Como a través de una nube, lo vio destapar el termo.
—Mis gafas —dijo—. ¿Puedes darme mis gafas?
—Para esto no necesitas gafas.
El hombre deslizó la mano izquierda bajo su cuello y alzó su cabeza.
—Papá tendría que haber publicado la historia —dijo. Aumentó la presa de los dedos. Tiraron de su pelo—. Papá tendría que haber obedecido.
—Por favor… —Lottie sintió que temblaba por dentro. Sus pies empezaron a agitarse. Sus manos arañaron el suelo—. Me haces daño —dijo—. No… Mi mamá…
—No —dijo el hombre—. Esto no va a hacerte daño. Ni una pizca. Ya lo verás. ¿Estás preparada para beber?
La sujetaba con firmeza, pero Lottie se sintió más animada. No tenía intención de hacerle daño.
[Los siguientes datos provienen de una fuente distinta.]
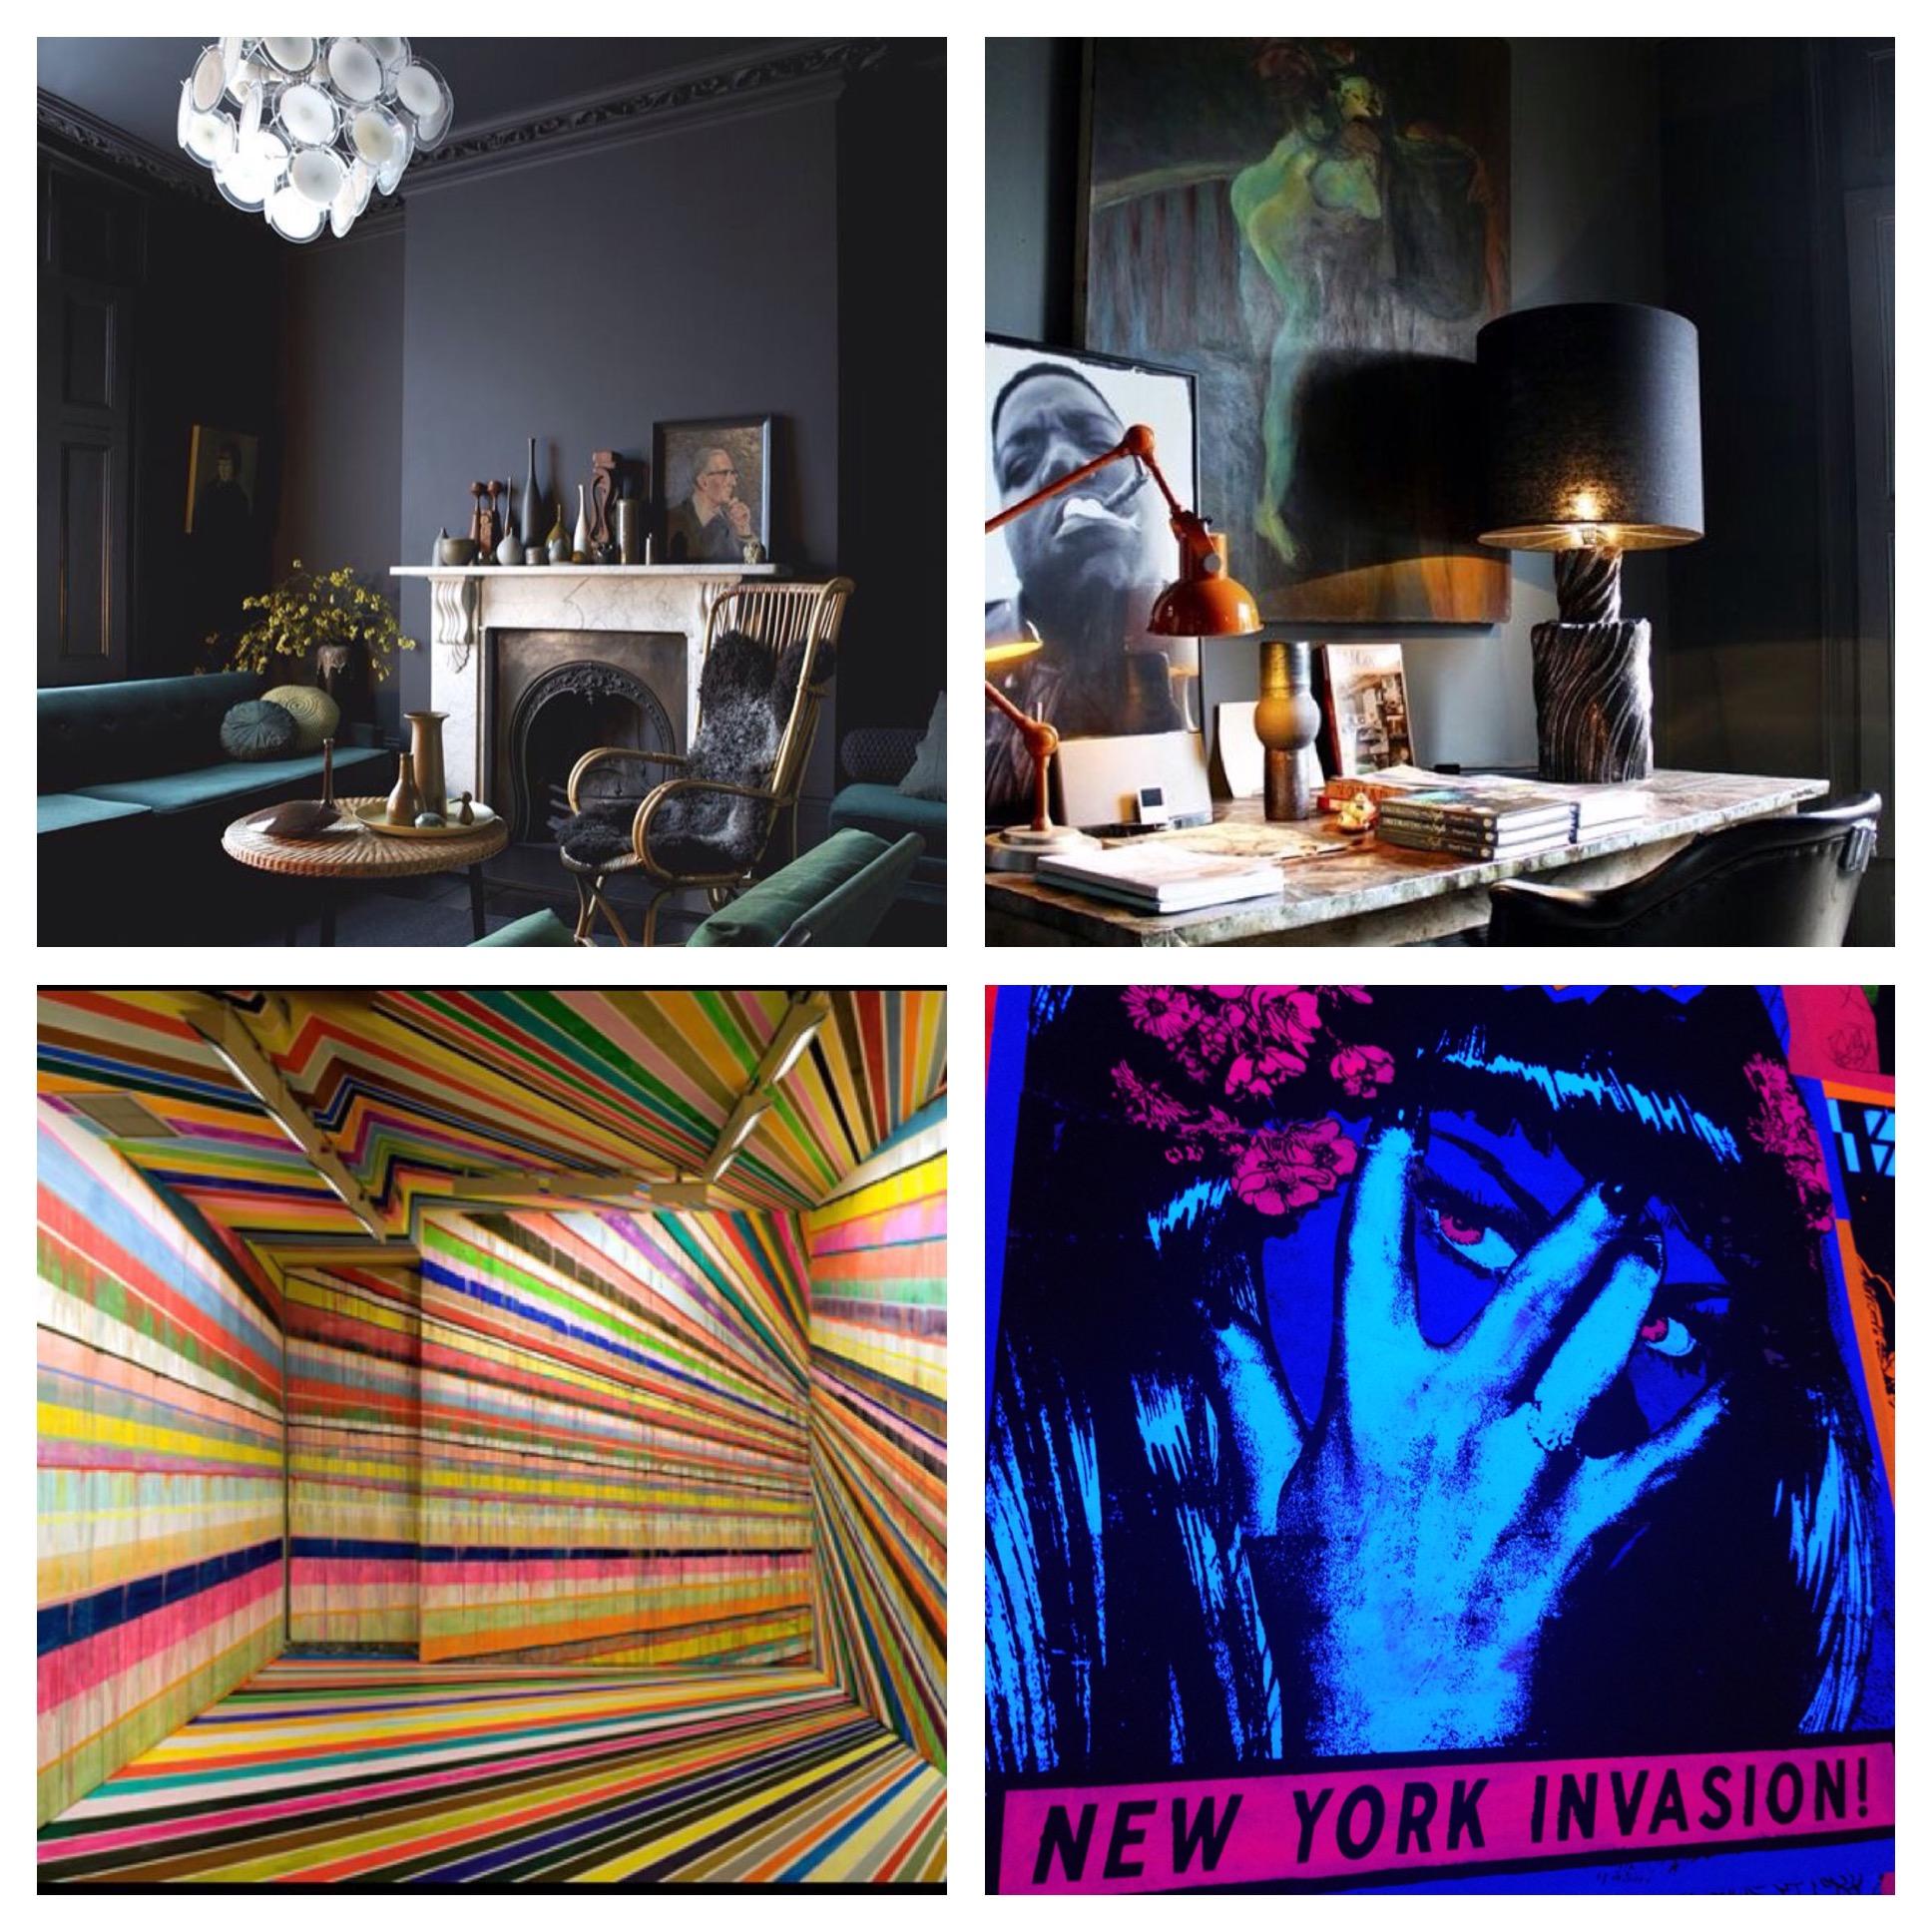 Top Left:  Credit- Graham Atkins Hughes   Top Right:  Designer Abigail Ahern    Bottom Left:  Artist Markus Linnenbrink            Bottom Right:  FAILE-Brooklyn Museum Exhibit

Sin embargo, en lugar de verter zumo en el tapón del termo, en lugar de alzar aquel tapón en forma de vaso hasta su boca, agarró su cuello con más fuerza, echó su cabeza hacia atrás y colocó el termo encima de su boca. Empezó a verter.
—Traga —murmuró—. Tienes sed. Traga. Te sentará bien. Lottie tosió. Escupió. Engulló el líquido. Estaba frío, pero no era zumo.
—No es… —dijo.
—¿Zumo? Esta vez no. Pero está fresco, ¿no? Date prisa. Bébelo todo.
Lottie se resistió, pero él se limitó a agarrarla con más fuerza. La niña comprendió que el camino a la libertad consistía en obedecerle. Bebió y tragó. Él vertió y vertió.
Y antes de que se diera cuenta, Lottie estaba flotando. Vio a la hermana Agnetis. Vio a la señora Maguire. Vio a mamá, a Cito y Fermain Bay. Y entonces la oscuridad regresó.